Background and early life
Charles Granville Bruce was the youngest of the fourteen children of Henry Bruce, 1st Baron Aberdare (1815–1895) and Norah Napier (1827–1897). His father was born at Duffryn, Aberdare, attended Swansea Grammar School, and trained as a barrister. In the 1830s, coal was discovered beneath the family's land, and with the development of the industry they became rich. Henry Bruce was stipendiary magistrate for Merthyr Tydfil, 1847 to 1854, Liberal member of parliament for Merthyr Tydfil, 1852 to 1869, and Home Secretary in Gladstone's government, 1868 to 1873. He was created first Baron Aberdare, of Duffryn, in 1873.   His mother was youngest daughter of General Sir William Francis Patrick Napier.
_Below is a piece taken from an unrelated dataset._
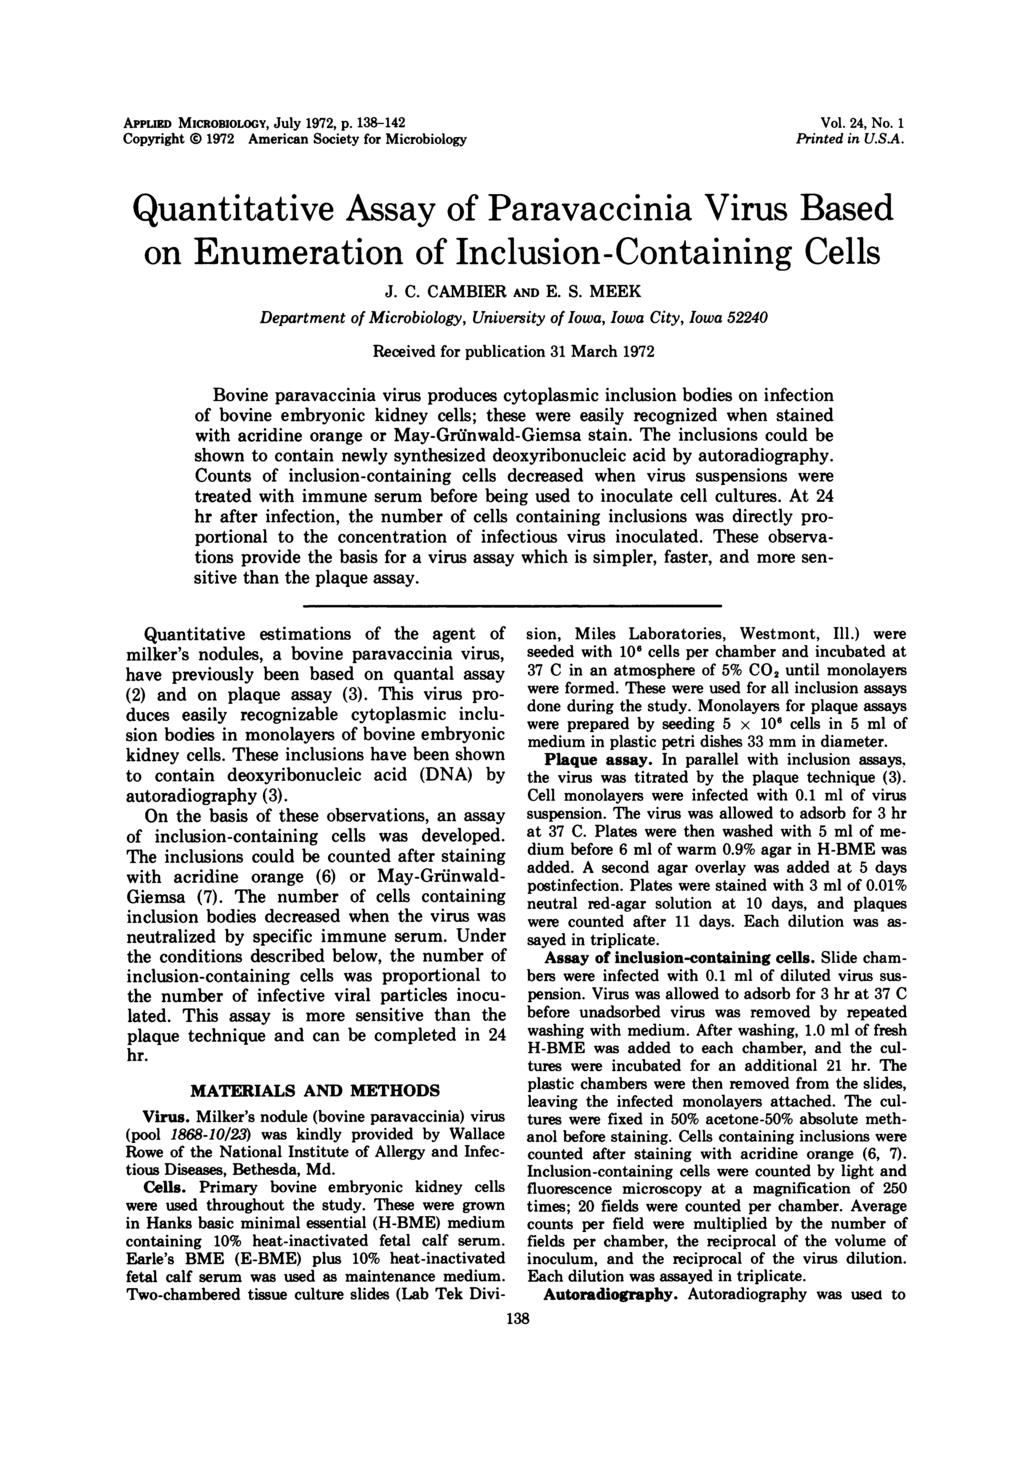 APPrU MICROBIOLOGY, JUly 1972, p. 138-142 Copyright 1972 American Society for Microbiology Vol. 24, No. 1 Printed in U.S.A. Quantitative Assay of Paravaccinia Virus Based on Enumeration of Inclusion-Containing Cells J.

Bruce was educated at Harrow and Repton. His early life alternated between the 'pompous formality' of Queen's Gate, London, the family home in Aberdare, and a Scottish estate.
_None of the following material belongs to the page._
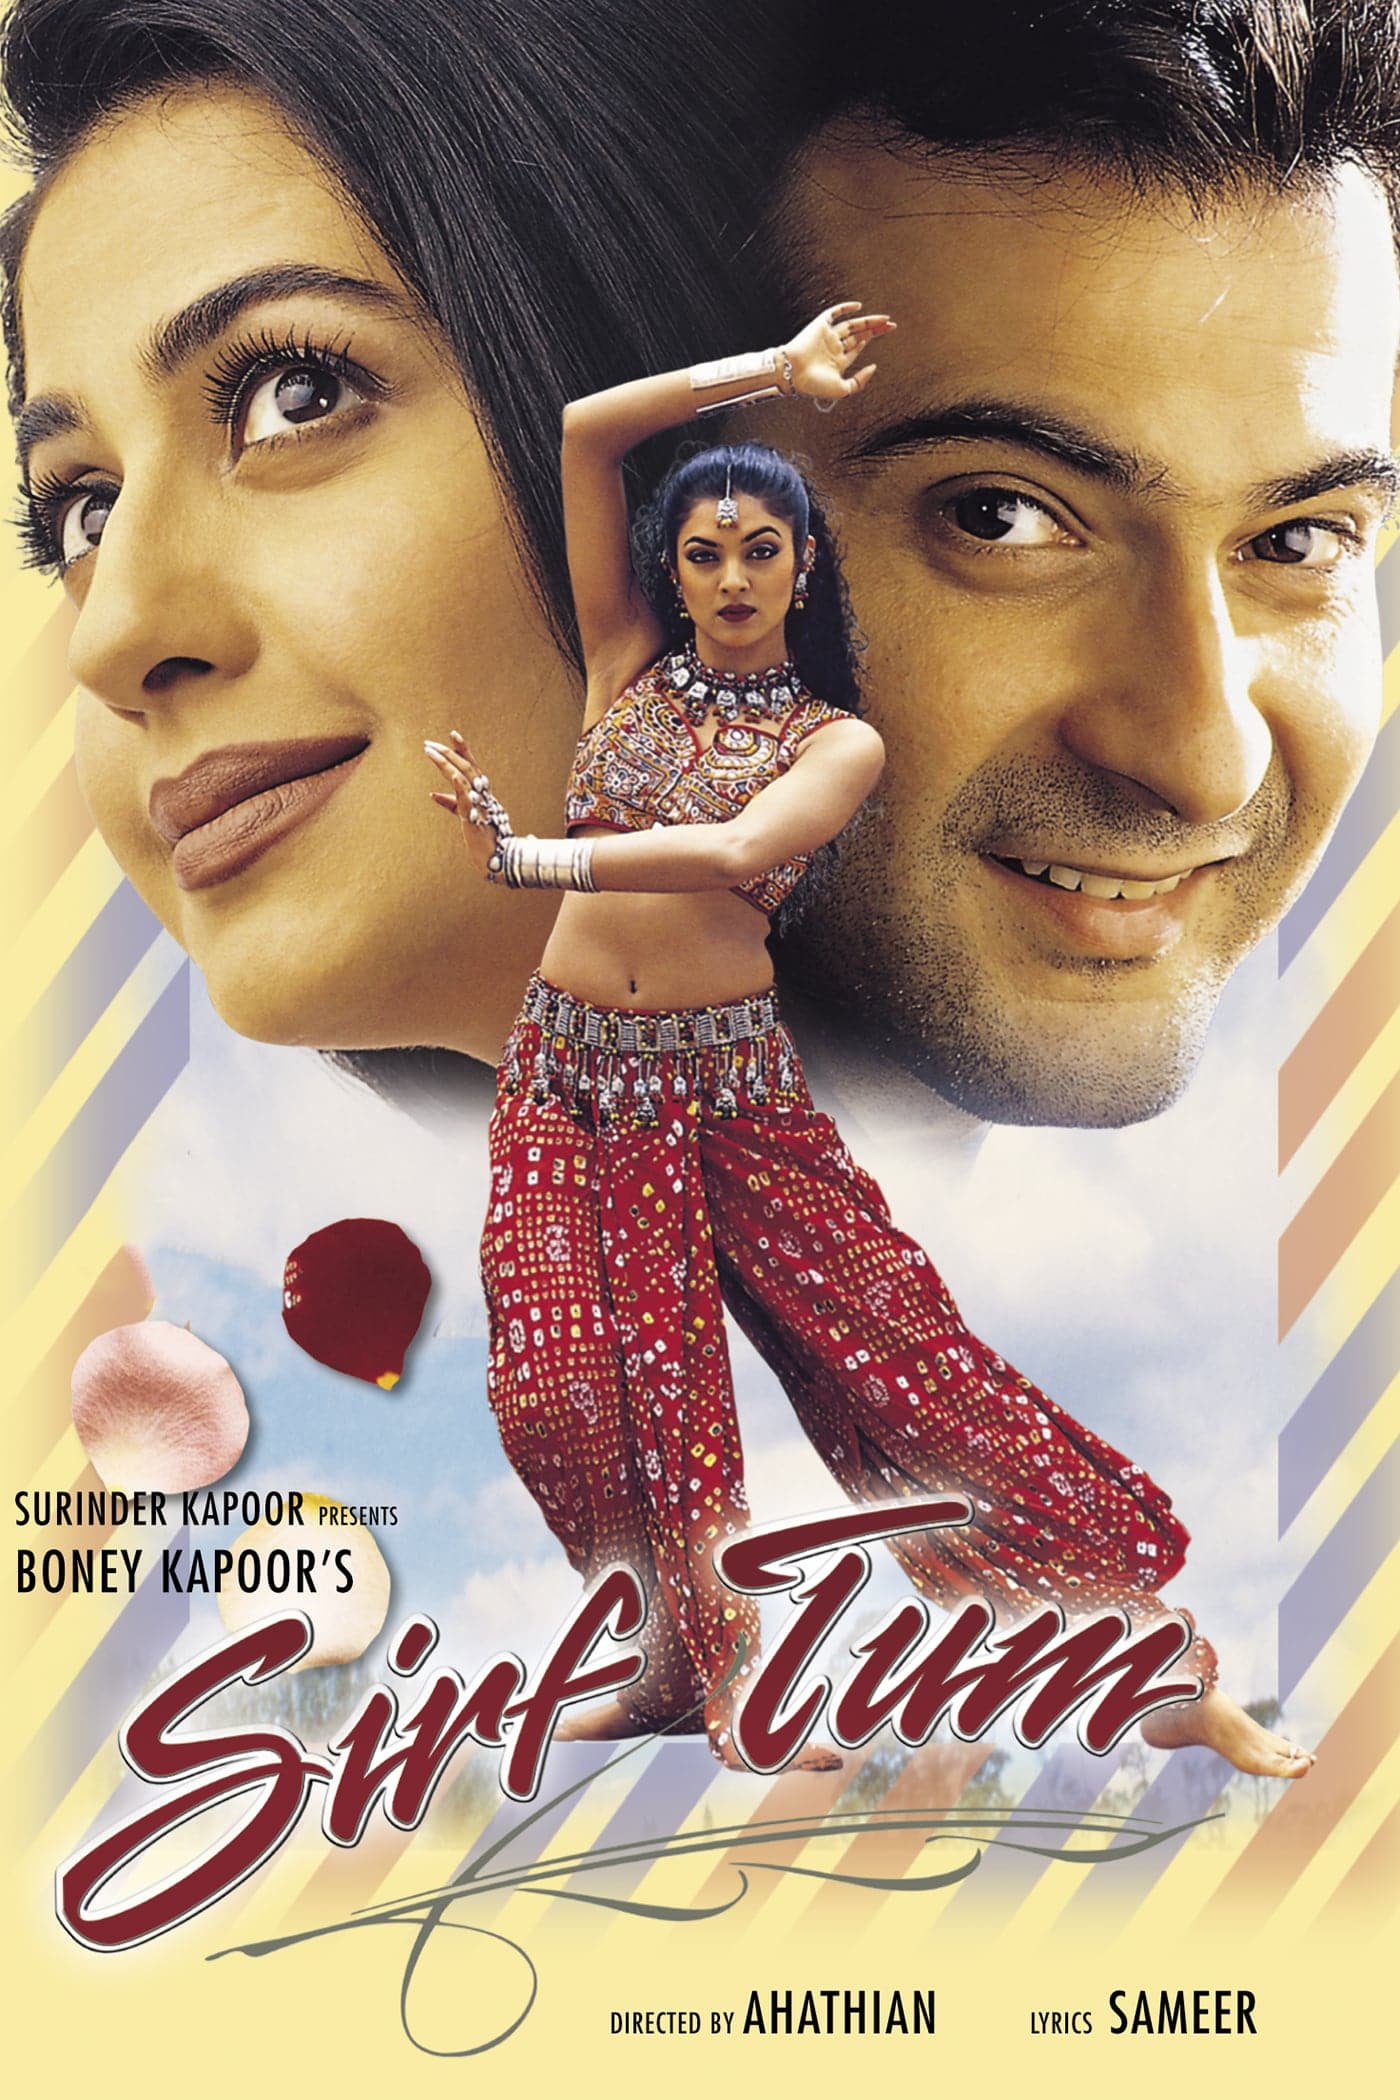 Poster for the movie "Sirf Tum"

In Wales, his mentor was a local farmer and inn-keeper, who in his youth had worked as a hunter in California and British Columbia. He taught the young Bruce how to hunt, find his way around the local hills, and drink. One of Bruce's most notable achievements was running down a "rough crew" of local poachers. Half a century later he was proud to list their names in his memoirs; "Bill the Butcher, Shoni Kick-O-Top, Billie Blaen Llechau, Dick Shon Edwards & Dai Brass-Knocker".
Bruce and the local game-keepers chased one poacher to the narrow alleyways and courts of Georgetown. The poacher was only caught when a furious husband found him snoring in his wife's bed and threw him out on the street. The gang were duly punished, but gained revenge by returning to Bruce's house and stealing all the weapons from his father's gun-room.

After leaving school, Bruce entered military college. He had huge physical strength, was an enthusiastic boxer and 300-yard runner, and in the 1880s represented England against France in an international running meeting.

In 1894 he married Finetta Madelina Julia Campbell, daughter of Sir Edward Campbell, 2nd Baronet

Career
In 1888, Bruce joined the Indian Army and became a career soldier serving with the 5th Gurkha Rifles from 1889 to 1920, rising to the rank of Brigadier-General. As a young lieutenant he was posted to Abbotabad, a British hill station in the Panjab, where he developed a passion for the locality, wrestling and climbing. Bruce had an akhara (wrestling pit) dug near his residence, where he practised on most days. Both the British and the Rajahs wagered thousands of rupees on professional wrestling matches and took pride in having the strongest sides. In the 1910s, Bruce was patron of the wrestler Rahim Sulaniwala, who went on to become a renowned champion (Summers 2000).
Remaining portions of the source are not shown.